What is the greatest reward in your career?
“When I am able to convince a prosecutor that this person is really not guilty and get a case dismissed,” she said. Boy that is a jubilation that is hard to describe …”

Do you have a family?
Walthour is engaged to former Bradwell basketball coach David Jones. Their engagement has spanned four years but she said she is the one who has been holding the nuptials.
“I was single for 10 years so it’s kind of hard to give that up and I know that I will have to, but right now I am happily engaged,” she said. “Very happily engaged.”
Walthour has two sons who she said are the loves of her life.
Karim Walthour Lawrence, 31, is a lawyer and sports agent. Darius Lawrence, 38, has his own business in property management.

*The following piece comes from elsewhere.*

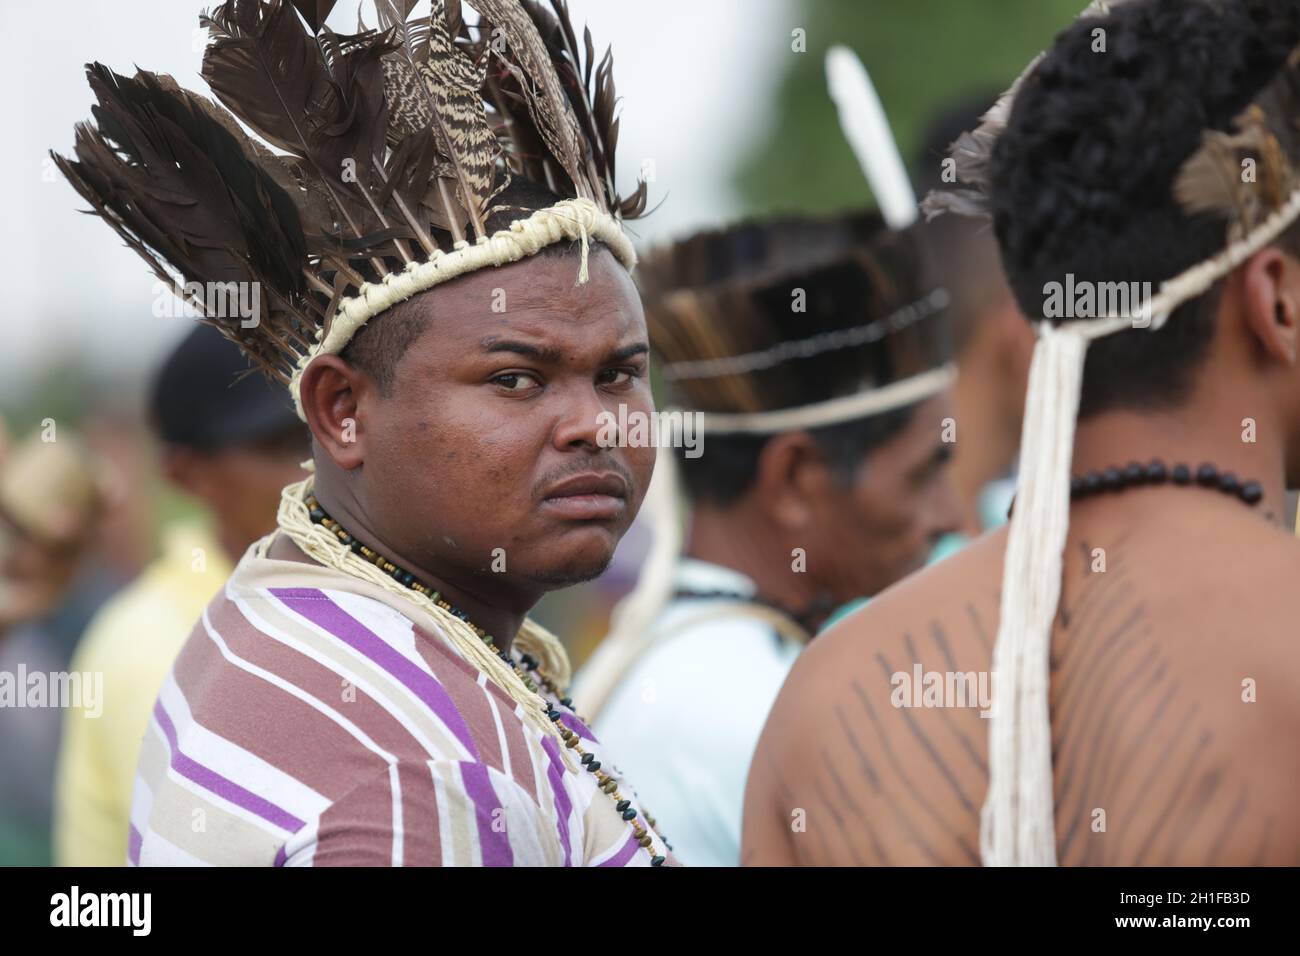 salvador, bahia / brésil - 29 mai 2017: Les Indiens de diverses tribus et groupes ethniques de Bahia campent à Salvador (BA) pour discuter de la conjoncture politique Banque D'Images

Would you change anything about your life and career if you could?
“I didn’t start out to be a lawyer but I’m glad I did it,” she said. “I was influenced by my sister who was almost two years older than I. She was a patent attorney.”
Walthour lost her sister suddenly in 1996 and that was a big blow to her.
“I carry a lot of the values I feel that she had and she was the influential one to get me to go to law school,” she said. “I’m glad I did. Looking back, I don’t think I would change anything. I did it in a way it was destined to be done and I’m pretty satisfied with it.”

What is the salary range for a public defender? Walthour said the salary for public defenders varies from region to region and increases with experience but, in the southeast area of Georgia, a beginning defender can expect a range from $35-50 thousand a year.